What follows is a listing; repeat exactly, and only, its lines from the one holding "Mouthwash and other" through the last, leaving any pictures out.

━━ AVAILABLE DATA

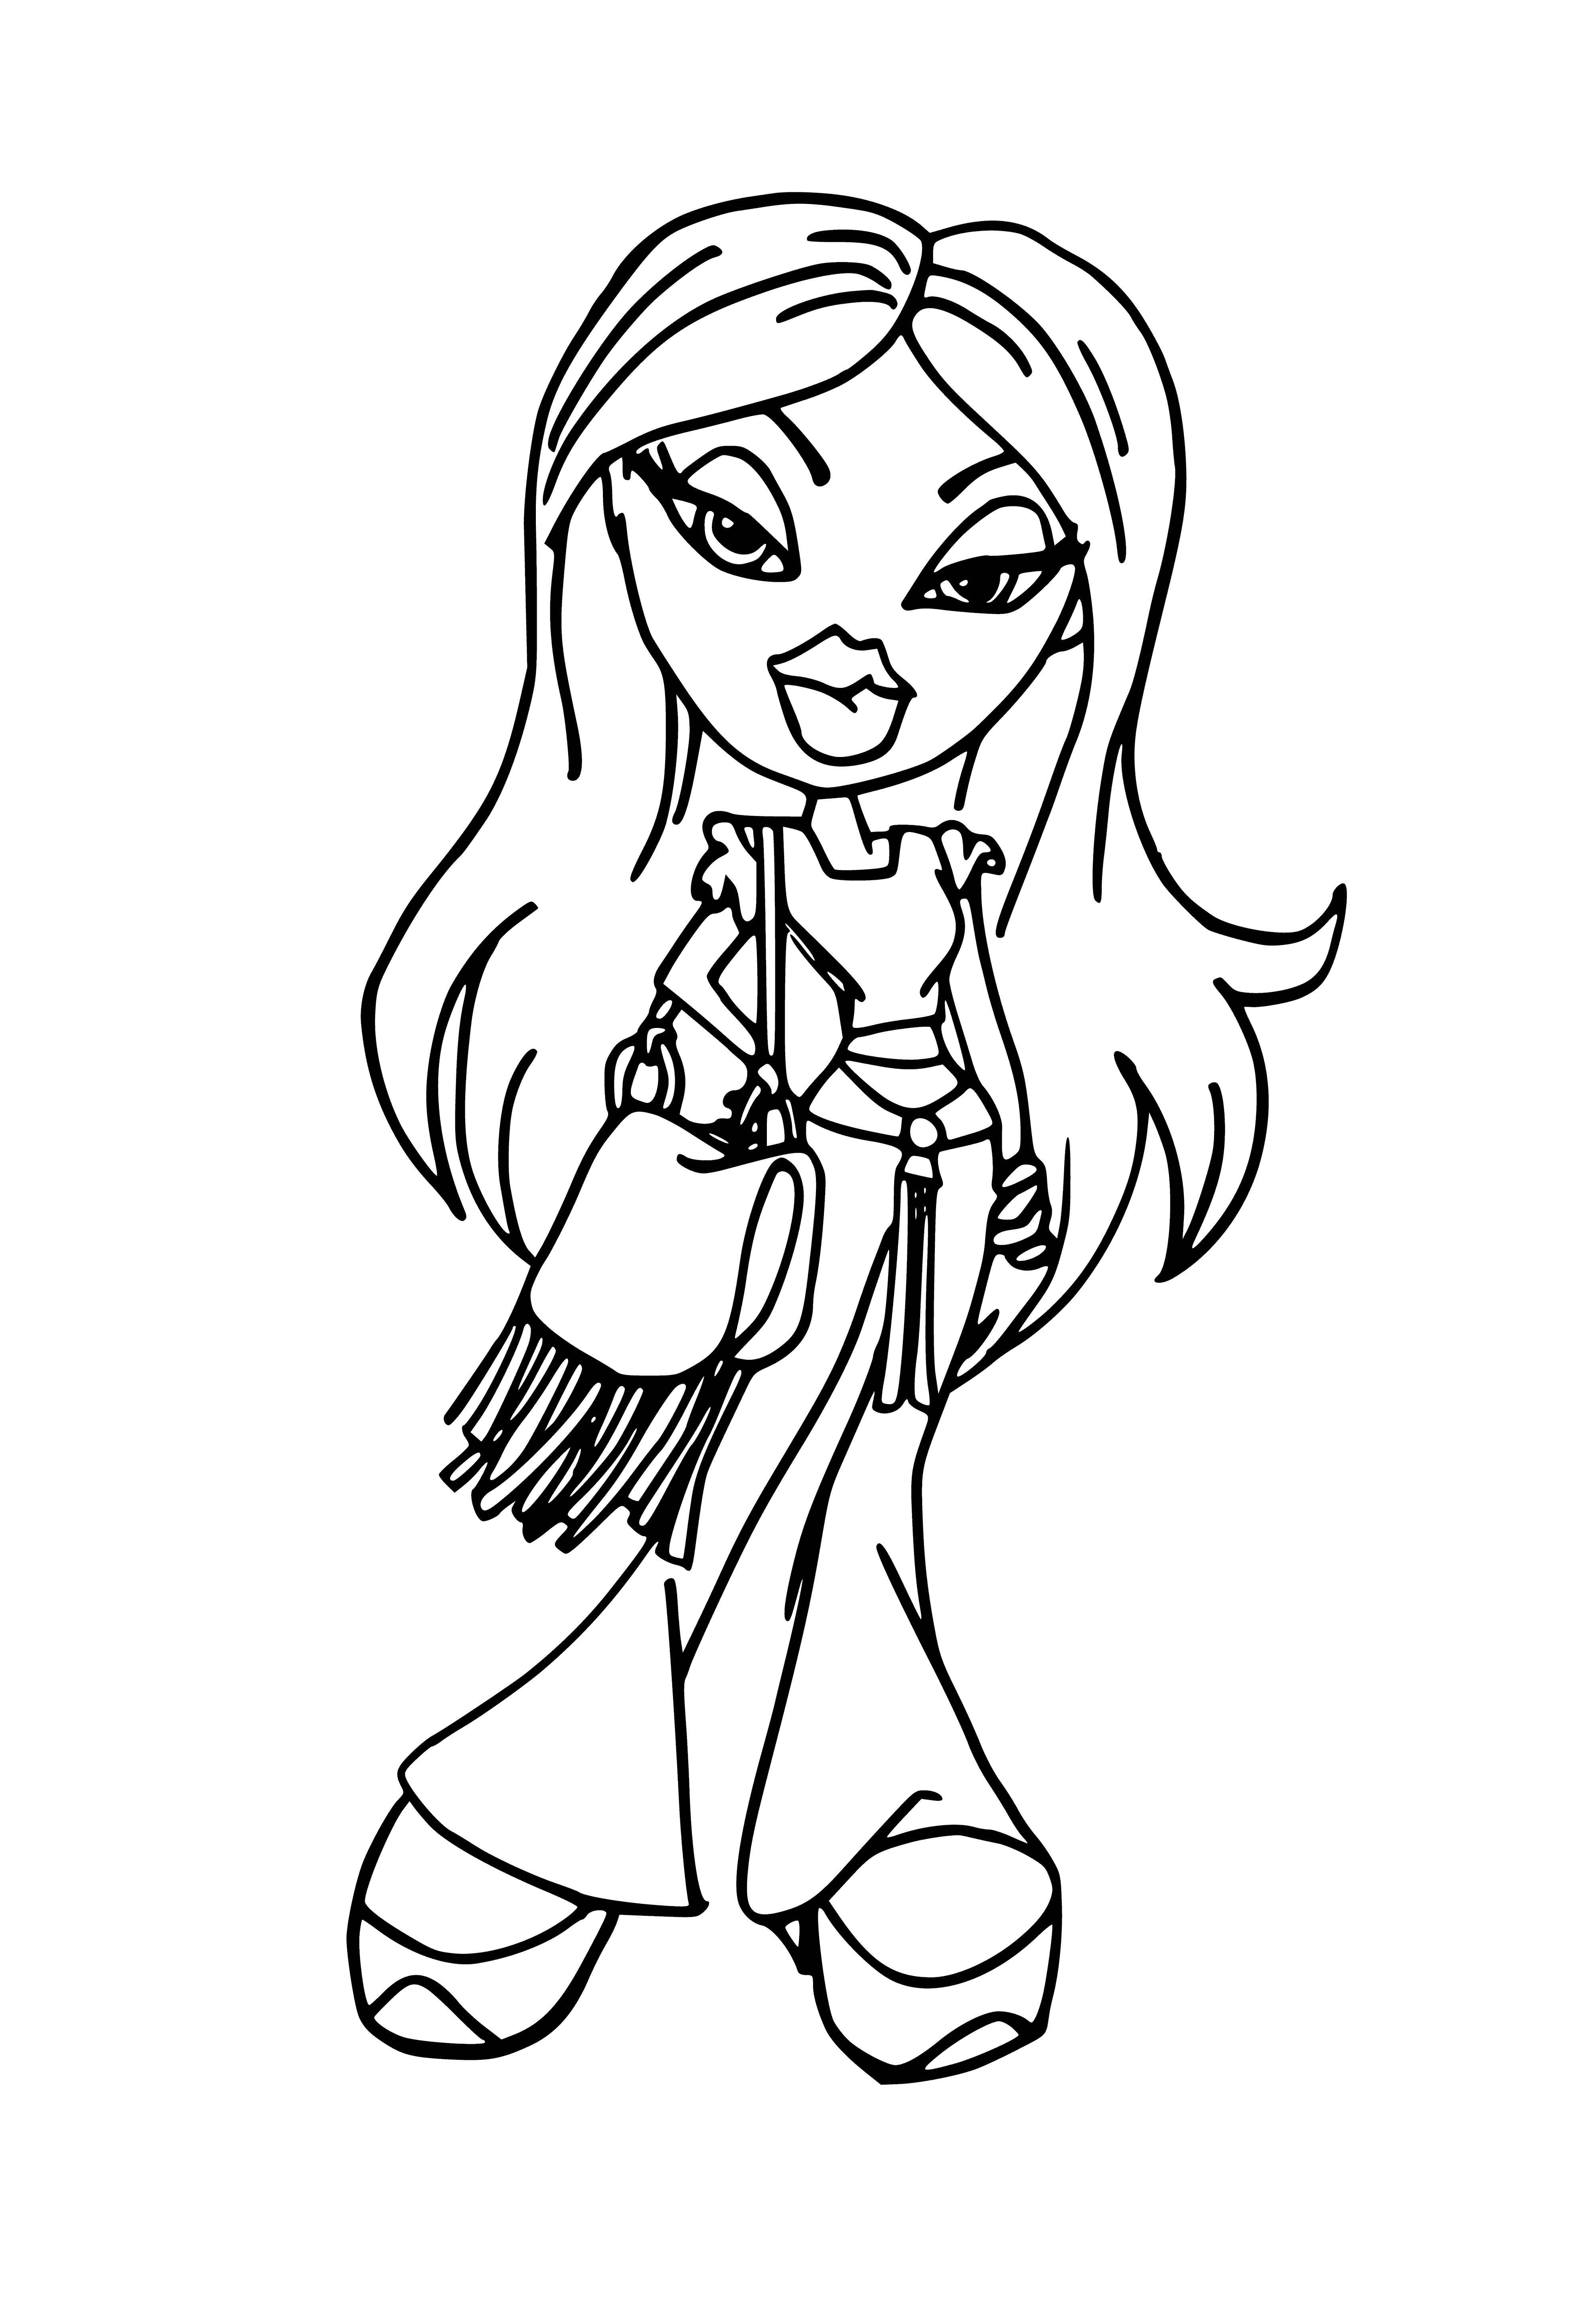 Bratz doll coloring page
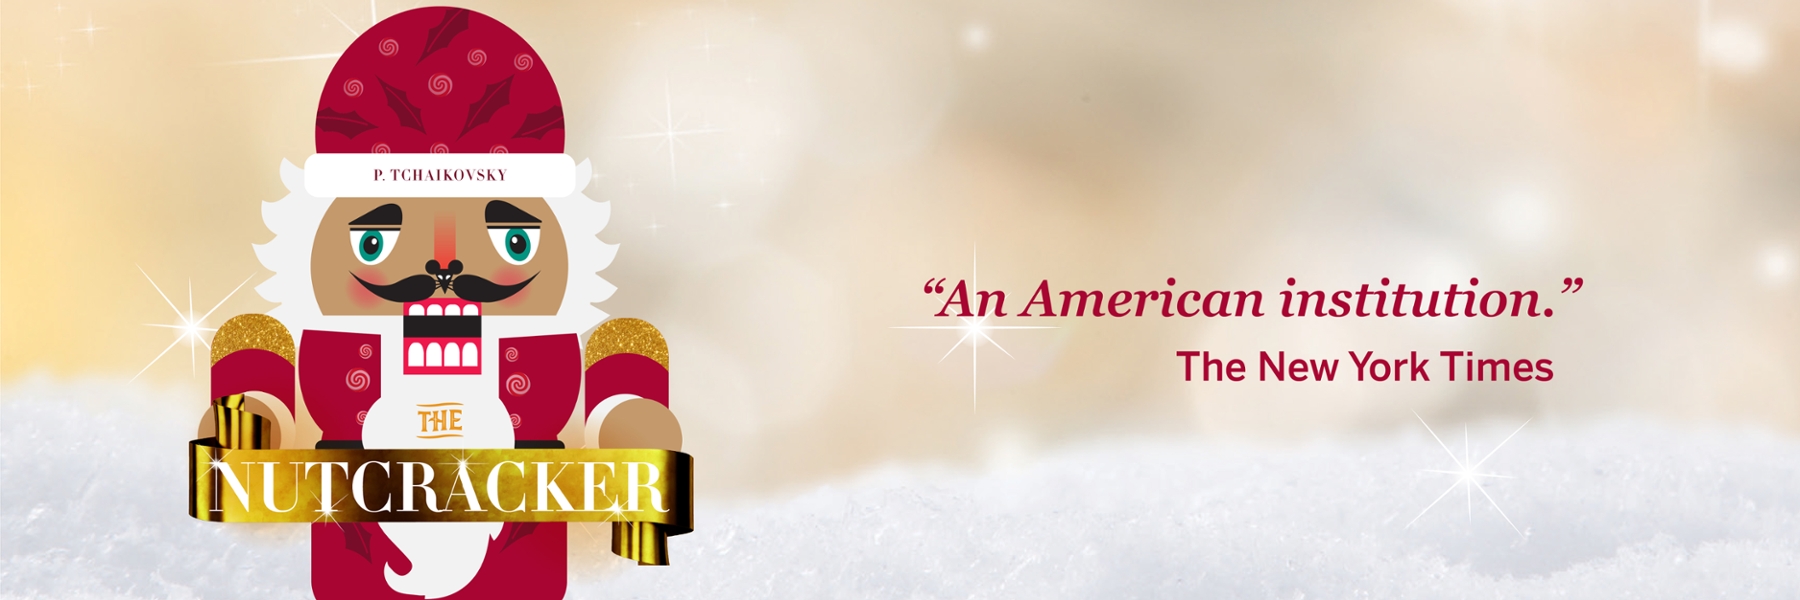 The Nutcracker artwork with quote “An American institution.” -The New York Times 
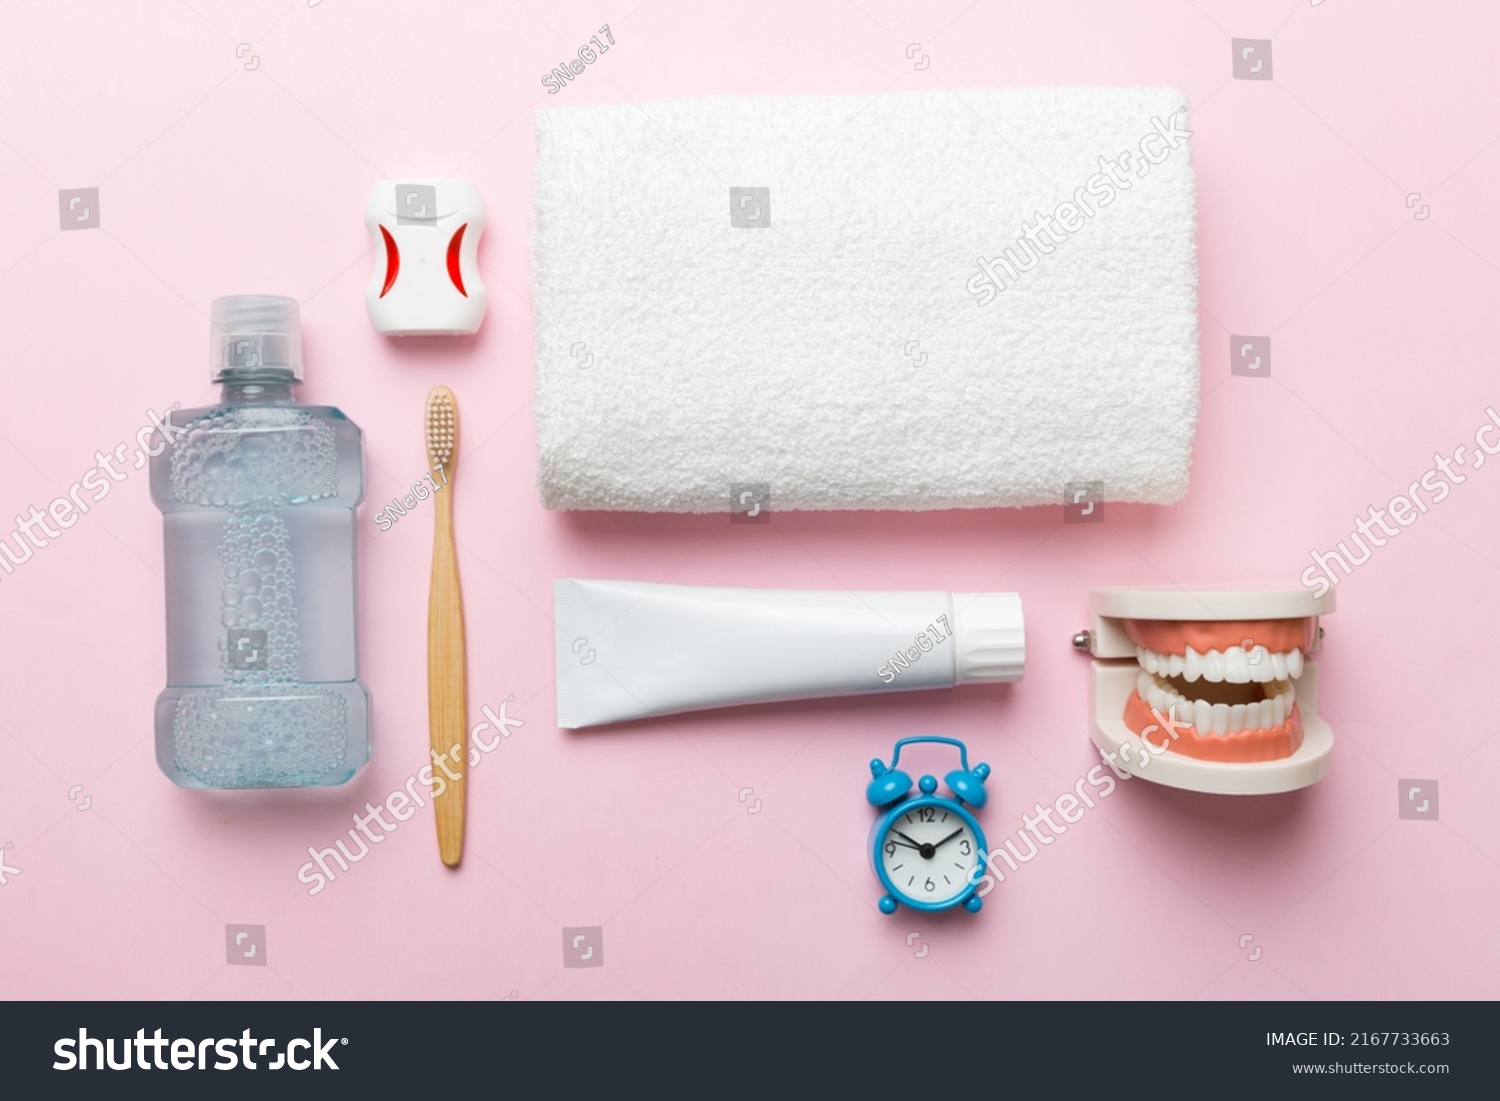 Mouthwash and other oral hygiene products on colored table top view with copy space. Flat lay. Dental hygiene. Oral care kit. Dentist concept. #2167733663
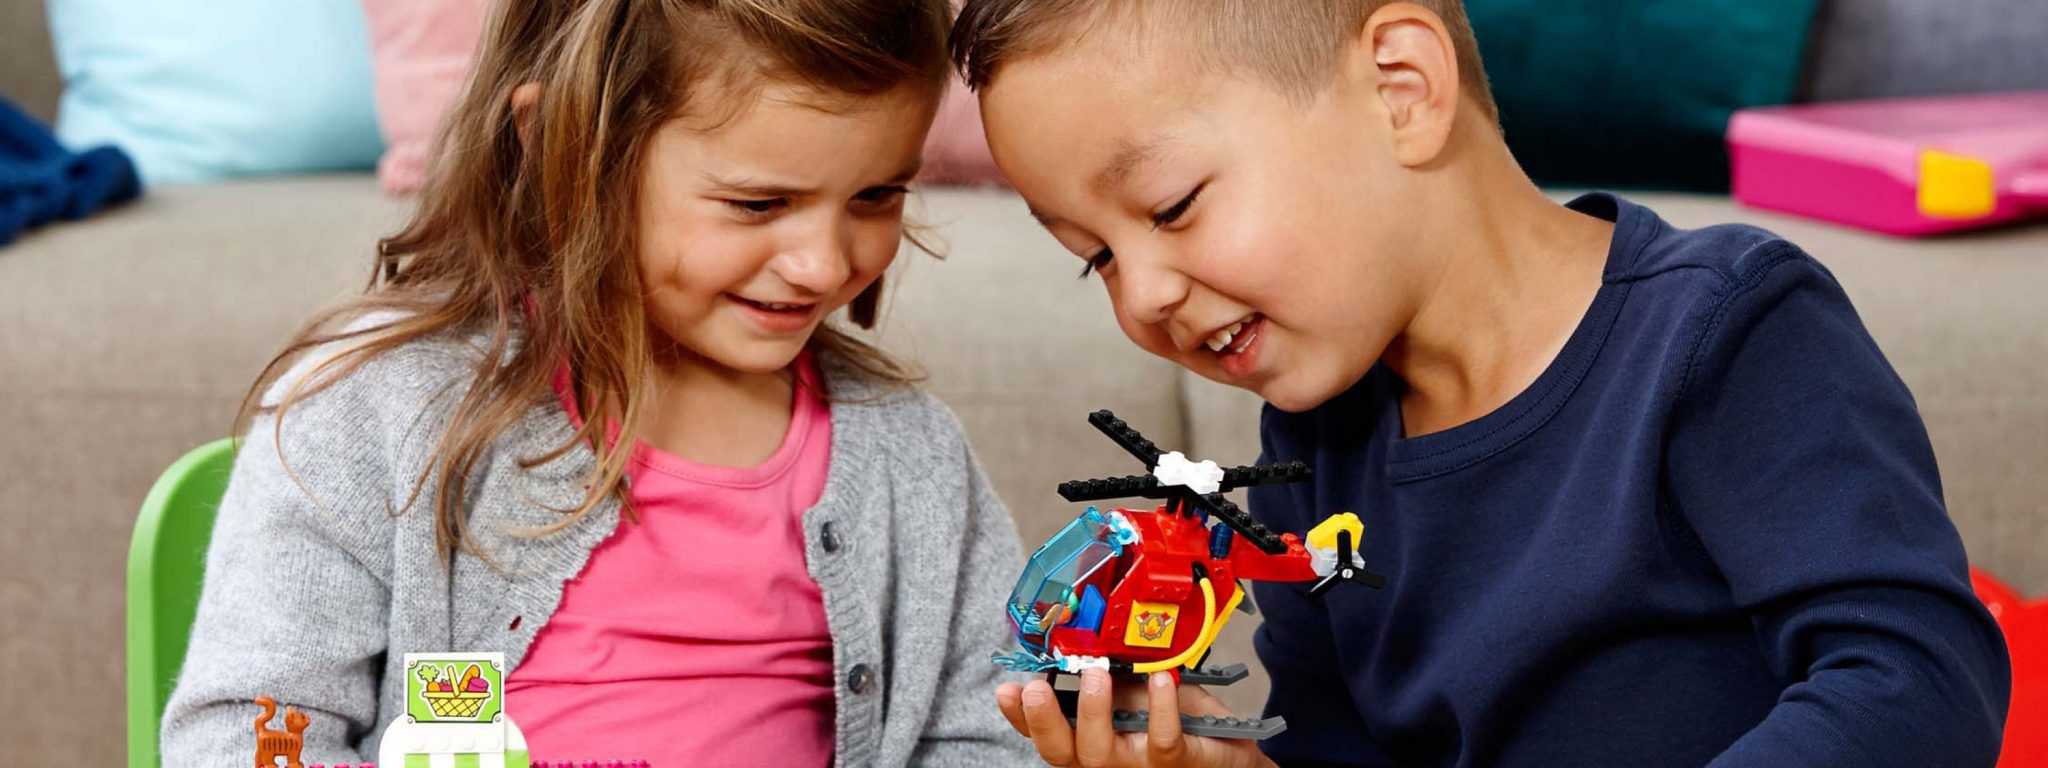 Kids playing with a Lego helicopter

━━━━

> TASK RESPONSE:
 Mouthwash and other oral hygiene products on colored table top view with copy space. Flat lay. Dental hygiene. Oral care kit. Dentist concept. #2167733663
 Kids playing with a Lego helicopter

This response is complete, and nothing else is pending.